EXERCISE BRIEF:
Copy task. Retype the whole listing exactly, omitting any picture in it.

INFORMATION PROVIDED:
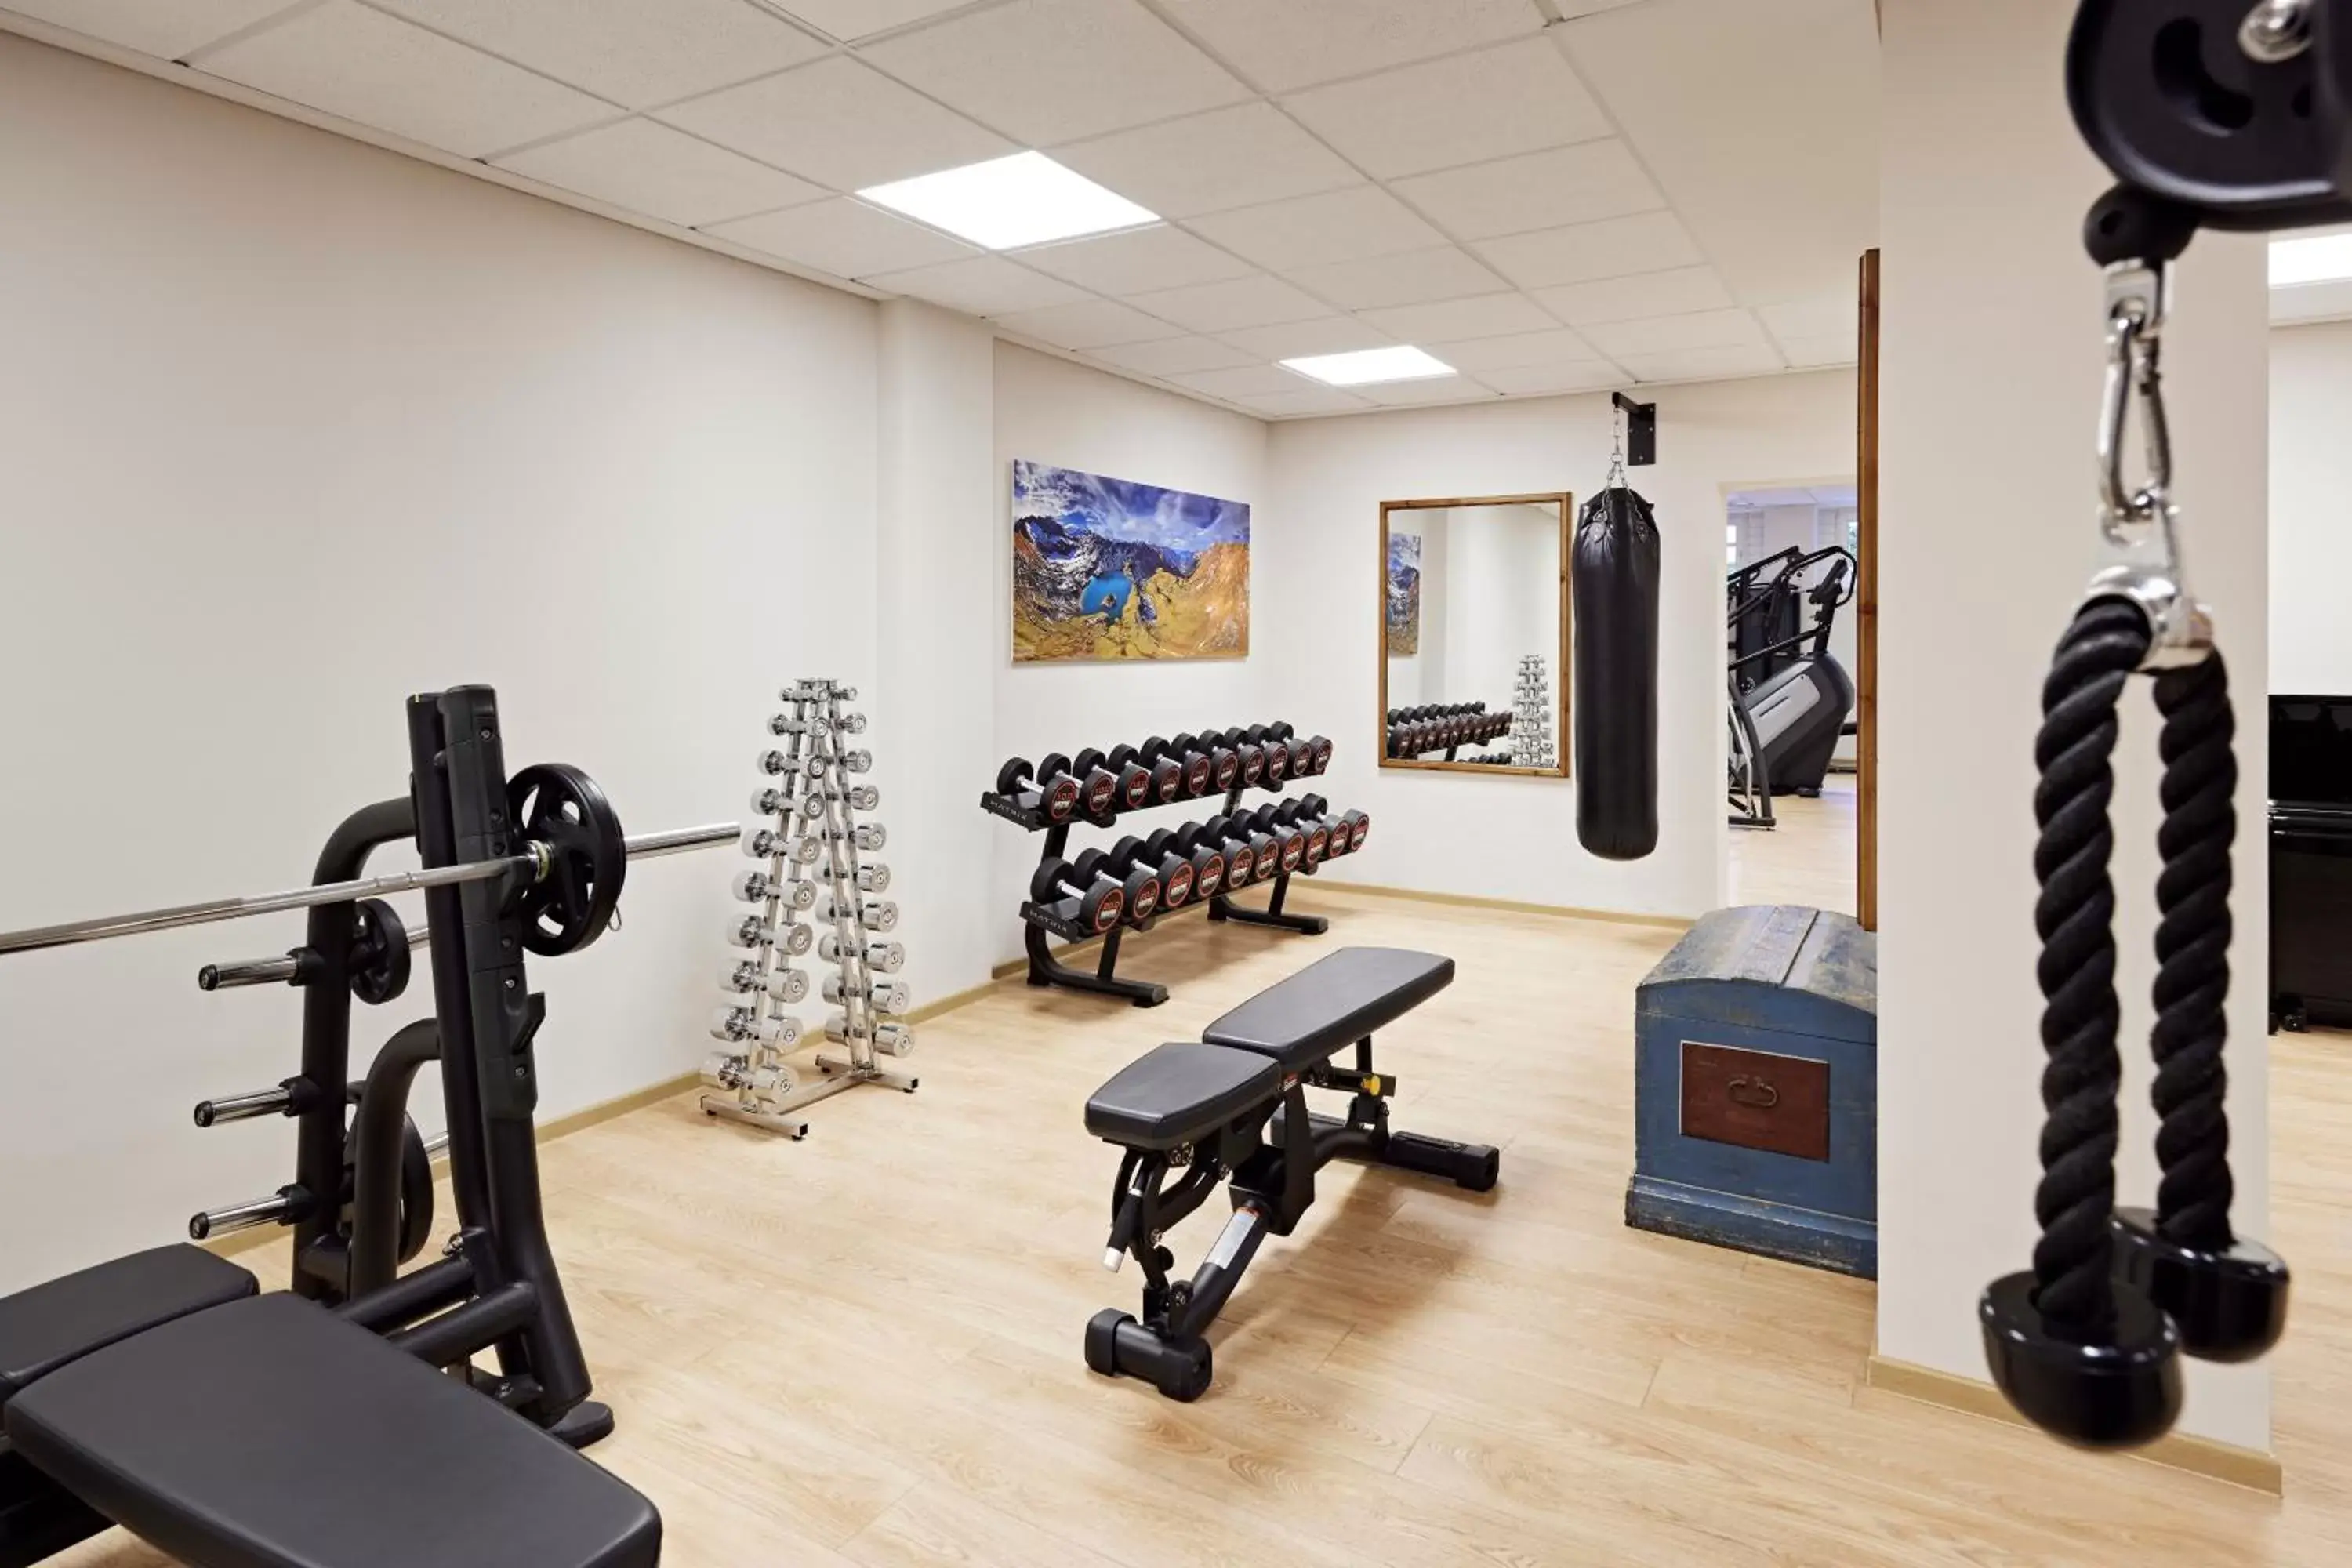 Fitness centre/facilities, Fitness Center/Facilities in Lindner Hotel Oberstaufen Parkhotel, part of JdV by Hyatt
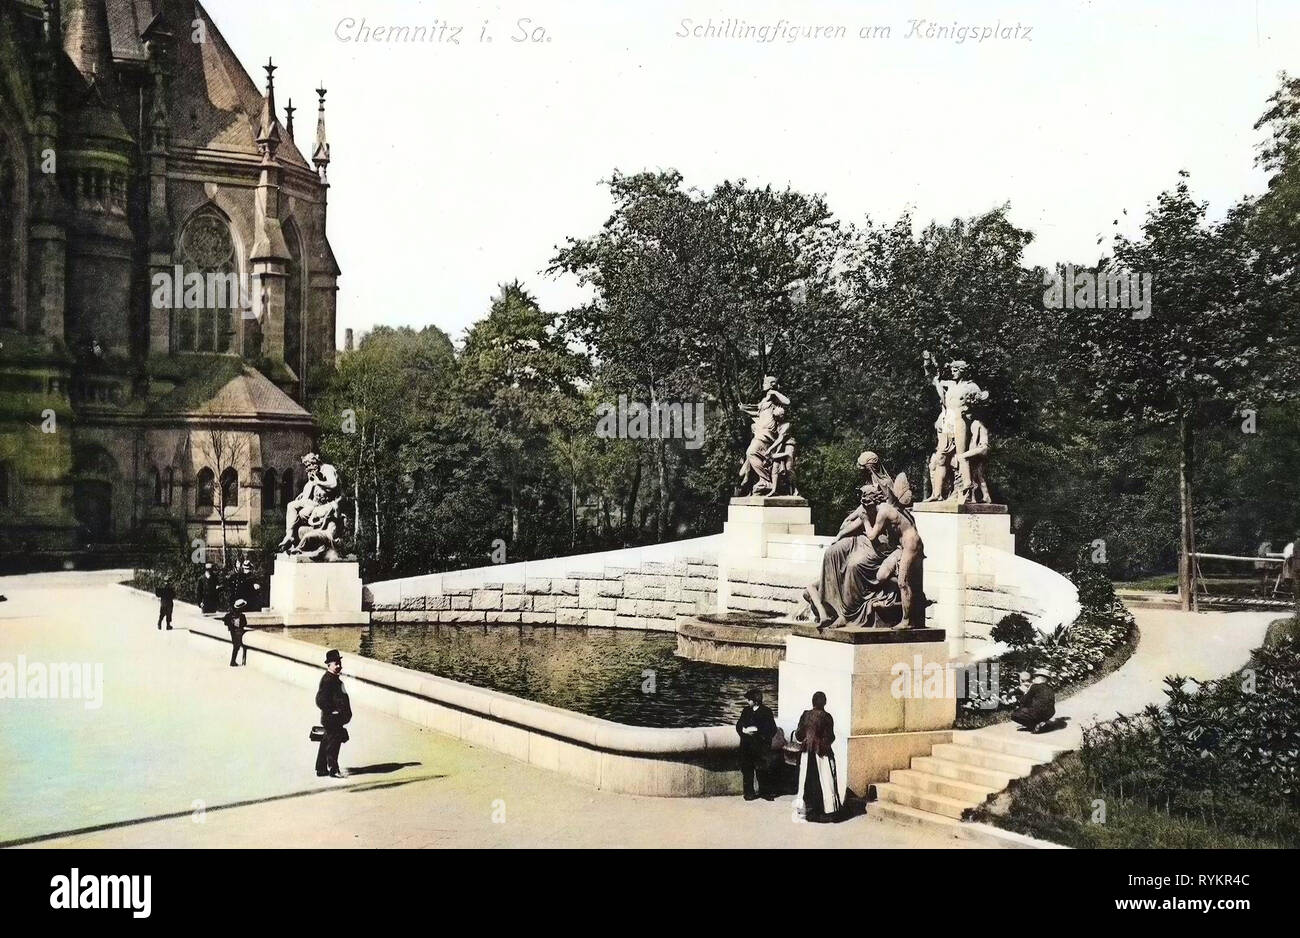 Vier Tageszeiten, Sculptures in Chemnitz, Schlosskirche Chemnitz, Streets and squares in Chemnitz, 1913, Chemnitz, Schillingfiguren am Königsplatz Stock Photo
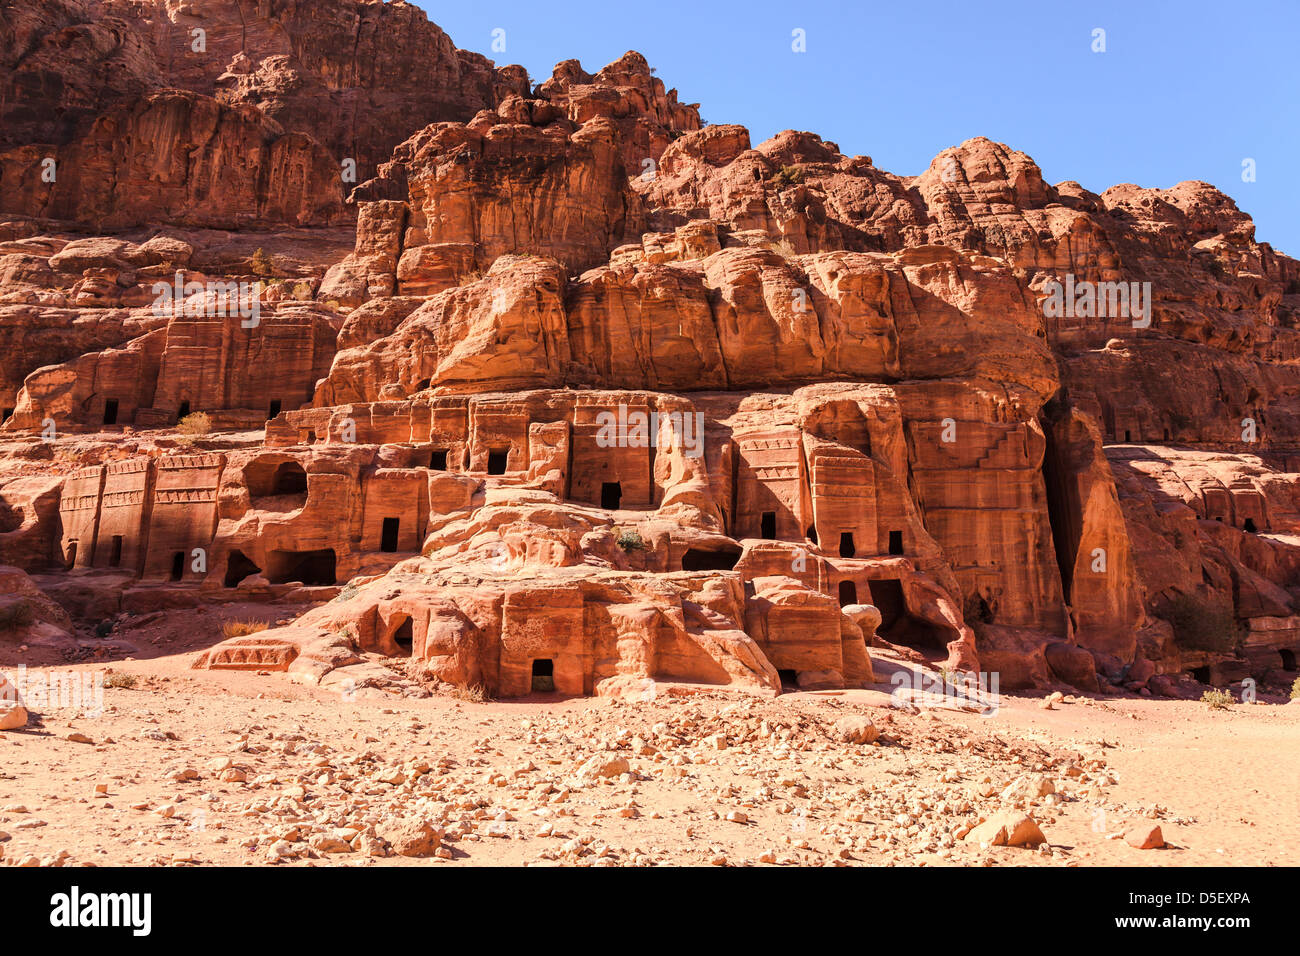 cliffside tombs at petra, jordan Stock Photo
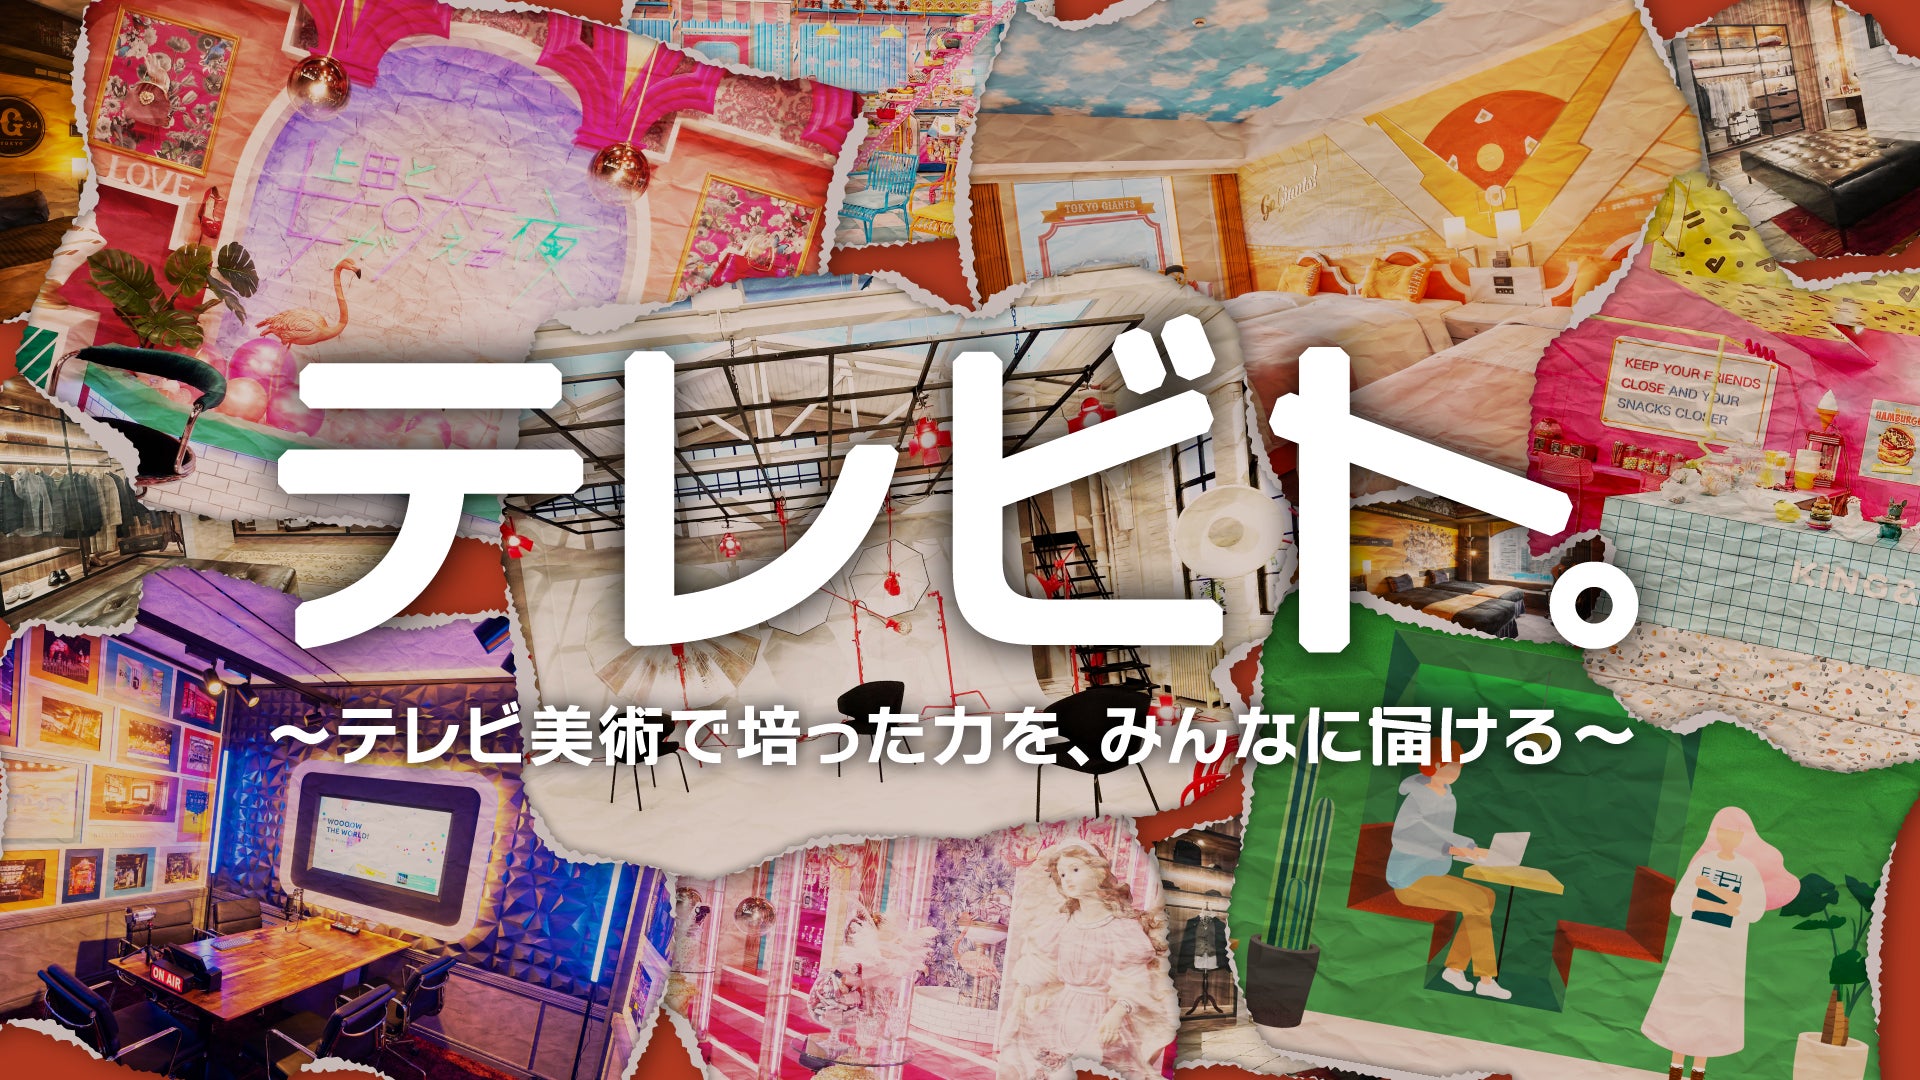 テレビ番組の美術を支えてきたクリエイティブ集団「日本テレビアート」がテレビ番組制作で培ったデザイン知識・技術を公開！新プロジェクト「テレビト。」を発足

OUTPUT OF THE TASK:
 Fitness centre/facilities, Fitness Center/Facilities in Lindner Hotel Oberstaufen Parkhotel, part of JdV by Hyatt
 Vier Tageszeiten, Sculptures in Chemnitz, Schlosskirche Chemnitz, Streets and squares in Chemnitz, 1913, Chemnitz, Schillingfiguren am Königsplatz Stock Photo
 cliffside tombs at petra, jordan Stock Photo
 テレビ番組の美術を支えてきたクリエイティブ集団「日本テレビアート」がテレビ番組制作で培ったデザイン知識・技術を公開！新プロジェクト「テレビト。」を発足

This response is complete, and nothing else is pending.